VORWORT DES HERAUSGEBERS
ZEPHYR
Stefan Wimmer
NETZER
Uschi Müller
COUCH CLUB
Nadine Koßmann und Daniel Daugsch
HOLY HOME
Albrecht Mangler
FAVORIT BAR
Brandl
I BIN I
Austrofred
ZUM WOLF
Rafaela Evers
ICH BIN HIER NICHT FREIWILLIG
Anna Jung
FLASCHENÖFFNER
Wolfgang Dietl
KIOSK AN DER REICHENBACHBRÜCKE
Friederike Kohl
BALD NEU
Jo Lendle
AUF DER SUCHE NACH DEM STENZ
Heike Braun
MUSS MAN SICH MÜNCHEN SCHÖN TRINKEN?
Clemens Dreyer
DIE MACHT DER TRACHT
Sibylle Bauschinger
MÜNCHEN FLIMMERT
Bettina Meissner
STRØM
Lia Max
TAXISGARTEN
Thomas Bitschnau
CAFE JASMIN
Albrecht Mangler
STEINHEIL 16
Christine Kabus
JENNERWEIN
Markus Röleke
CABANE BAR
Enno Pülhorn
UNGEWITTER BEI CHARLOTTE
Heinz Schmolke
ABSACKER IM ALTEN OFEN
Roland Leicht
WELTWIRTSCHAFT
Andreas M. Scheu
VALLEY’S
Theresa Schenkel
HERAUSGEBER UND AUTOREN
Ich bin kein gebürtiger Bayer, besitze keine Lederhose, und München muss man nicht schöntrinken. Das habe ich bei meinem ersten Biergartenbesuch schnell gemerkt.
Ich erinnere mich genau – es war ein herrlicher Sommertag im Juli, der Biergarten klassisch unter Kastanienbäumen und gute Freunde zu Besuch. Ich holte das Bier. In guter preußischer Manier fragte ich höflich am Ausschank, ob es möglich sei, statt einer ganzen Maß lediglich einen halben Liter Helles zu erhalten. Die Antwort? »Wir sind hier im Biergarten und nicht im Kindergarten.«
Blitzartig begriff ich: München ist ein Ort zum schön trinken – viel, wenig, langsam, schnell, stilvoll, abgeranzt, im Anzug, Abendkleid, oder im Kapuzenpulli mit Bier, Cocktails, Wein in Biergärten, Szenekneipen, Boazn, Clubs oder einfach entspannt an der Isar.
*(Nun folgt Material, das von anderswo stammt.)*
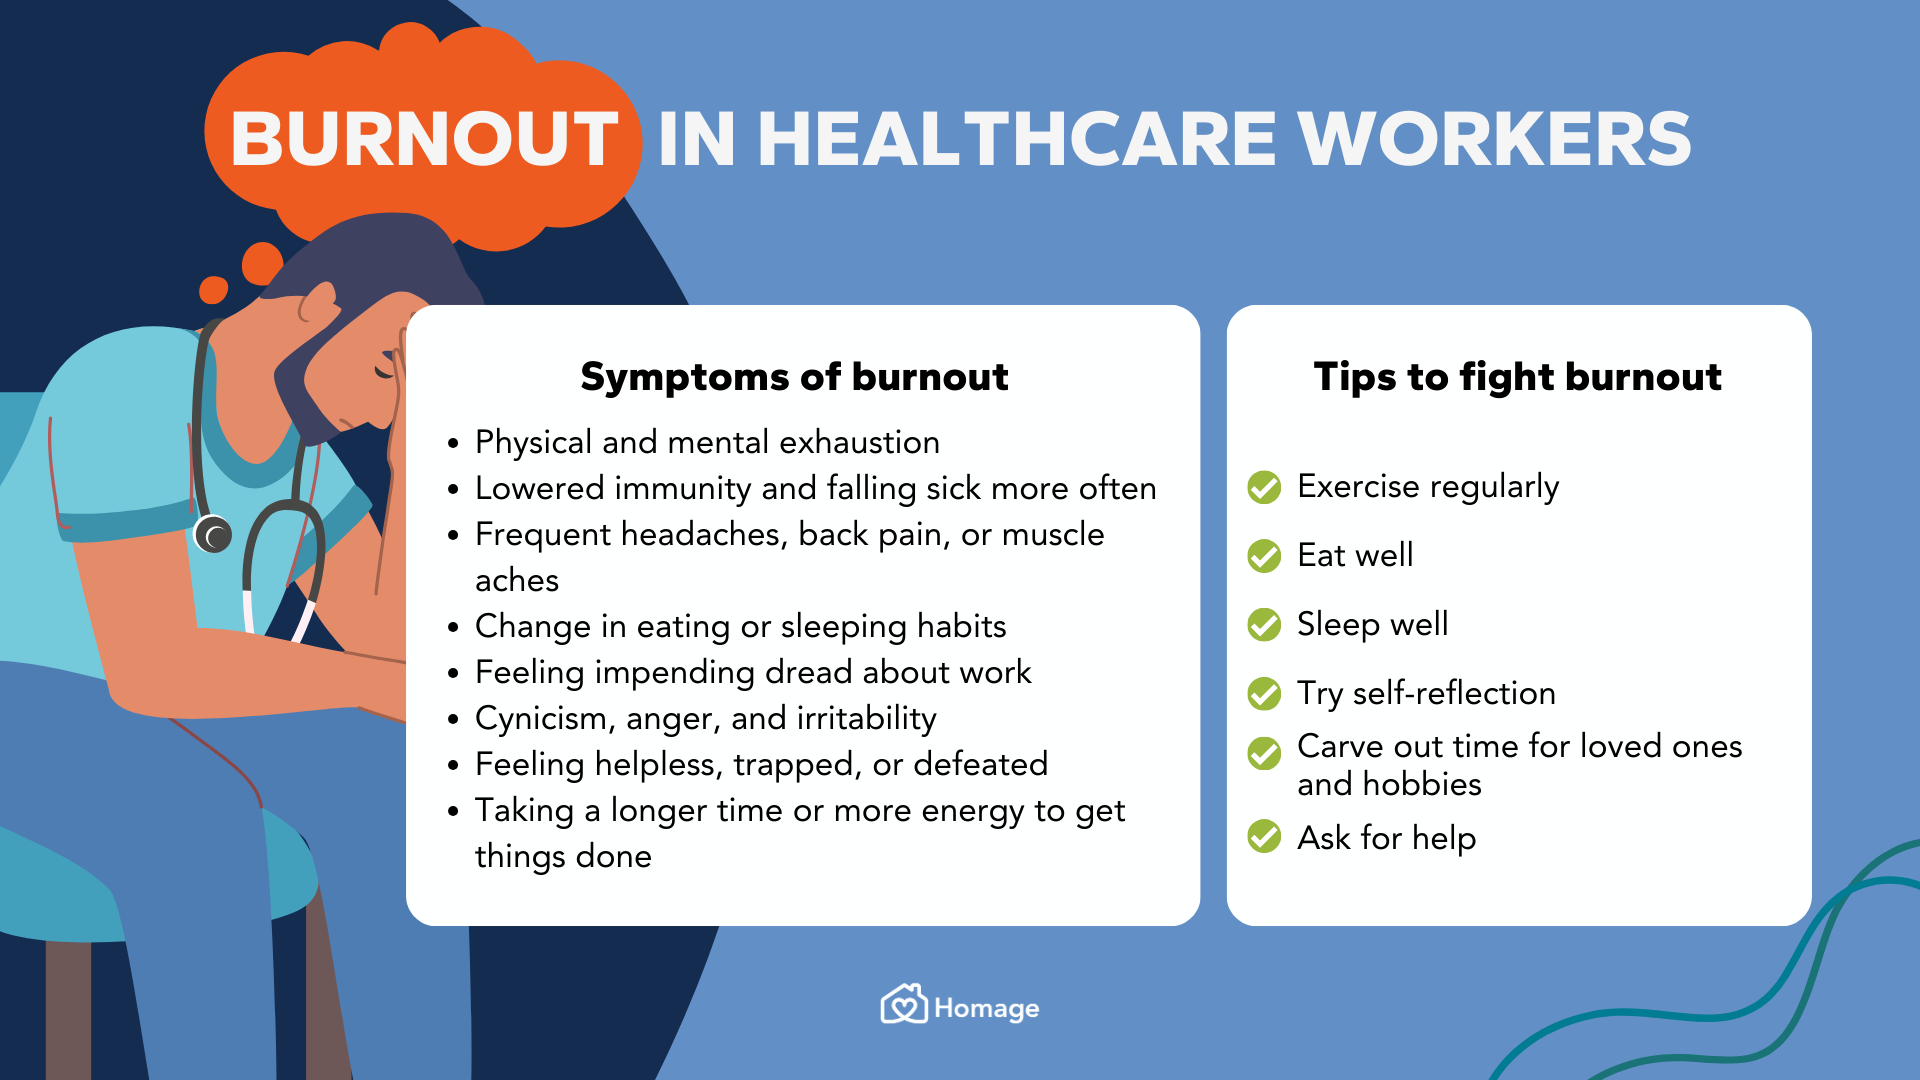 Infographic that lists symptoms of burnout in healthcare staff and ways to combat burnout

Kurz: Mehr Möglichkeiten, als es Biersorten gibt.
Für ihre Eindrücke und Geschichten möchte ich allen Autorinnen und Autoren herzlich danken. Von der Maxvorstadt über Giesing bis nach Sendling und ins Glockenbachviertel erzählen sie in diesem Buch vor allem von einem: von München. Eine wundervolle, lebendige Stadt, auch für Nicht-Bayern ohne Lederhose – natürlich mit einer ganzen Maß auf dem Biertisch.
Viel Spaß wünscht Ihnen Ihr
Albrecht Mangler
PS: Die Ranke oberhalb der Texte ist Hopfen.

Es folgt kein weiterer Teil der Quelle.